Single by Boston

from the album Don't Look Back
- B-side: "Used to Bad News"
- Released: March 1979
- Recorded: 1977–1978
- Genre: Hard rock
- Length: 4:30
- Label: Epic
- Songwriter: Tom Scholz
- Producer: Tom Scholz

Boston singles chronology
| "A Man I'll Never Be" (1978) | "Feelin' Satisfied" (1979) | "Amanda" (1986) |

Audio
- "Feelin' Satisfied" on YouTube

= Feelin' Satisfied =

1979 single by Boston

"Feelin' Satisfied" is a song by American rock band Boston, released on their 1978 studio album Don't Look Back. The song was written by Tom Scholz and released as a single in 1979. The single peaked at number 46 on the US Billboard Hot 100. It reached number 84 in Canada.

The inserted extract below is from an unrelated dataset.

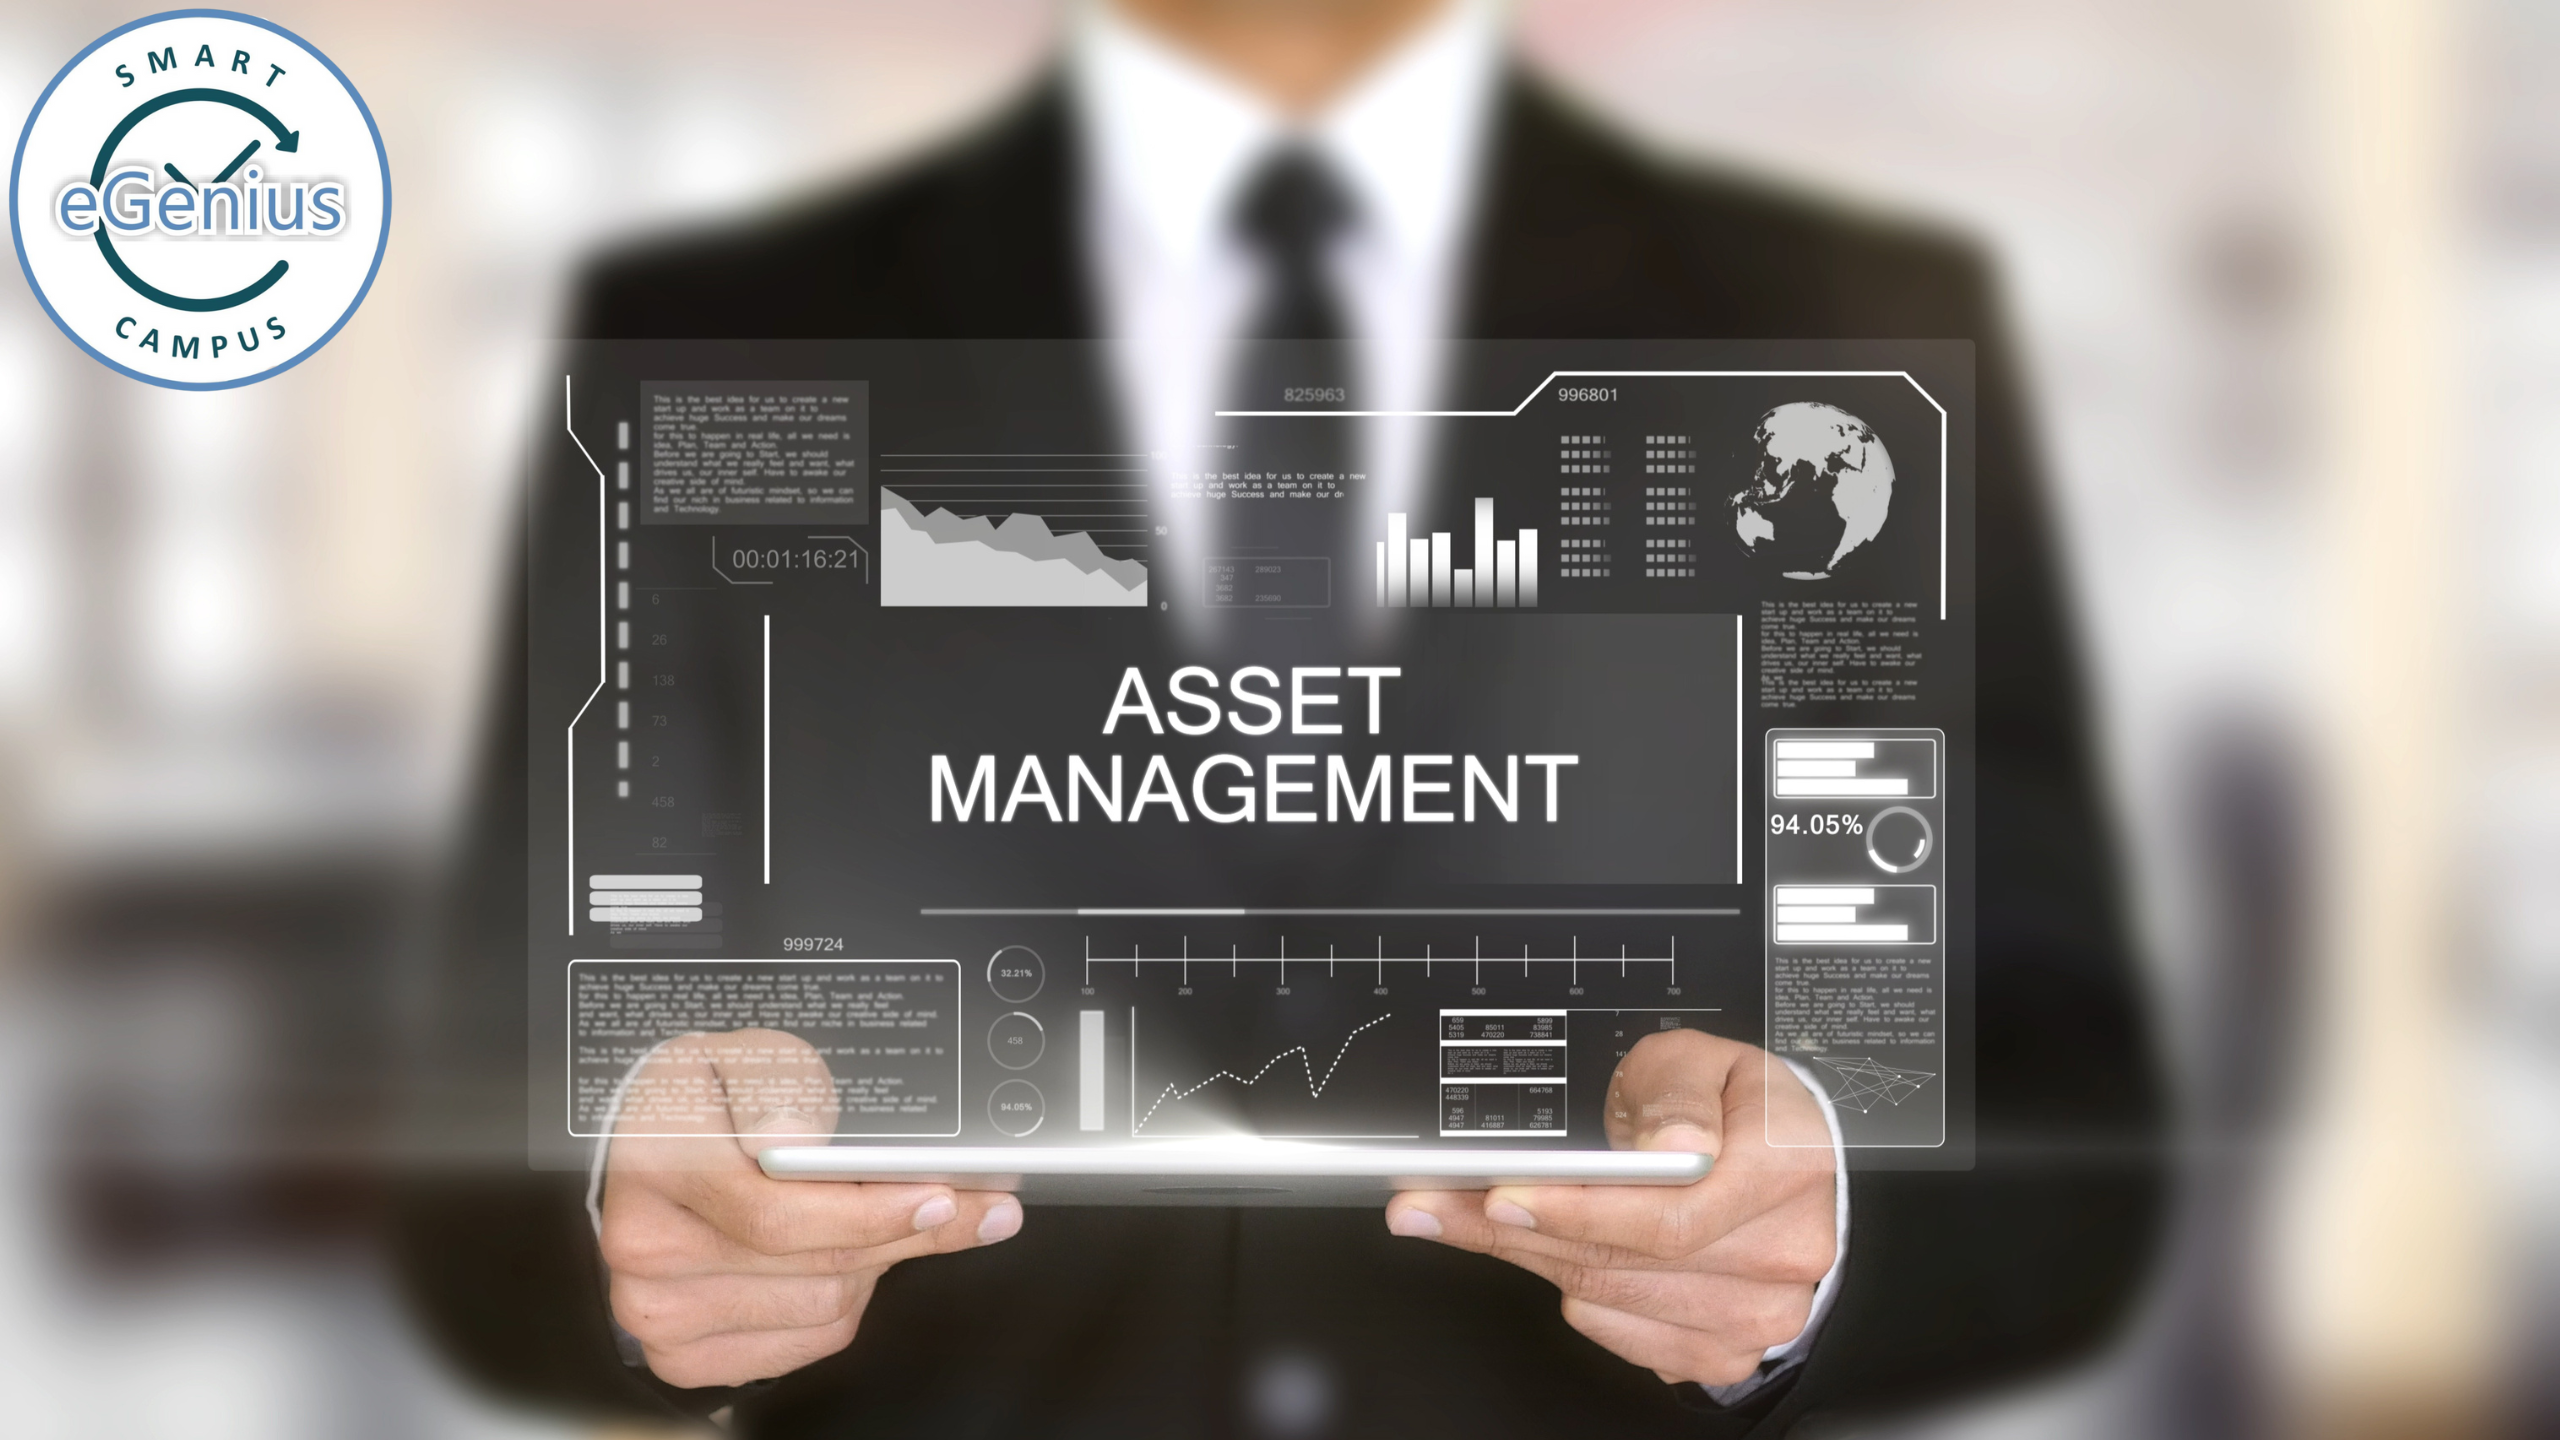 Asset Management – How is it helpful?

It was the band's last release for 7 years, until Third Stage in 1986.

==Critical reception==
Paul Grein of Billboard described the song as "an affectionate tribute to the power of music." The same magazine later described the song as an "upbeat track which is totally rock 'n' roll," praising the "clear singing" and "fresh sounds." Cash Box said it has "those Boston characteristics that has made the group a platinum act: tight-skin percussion, majestic guitar lines and do-the-job soaring vocals." Cash Box also called it a "fine track." Record World called it "one of [Don't Look Backs] most powerful rockers" and praised the guitar playing, Brad Delp's lead vocal and the "multi -track vocal hook."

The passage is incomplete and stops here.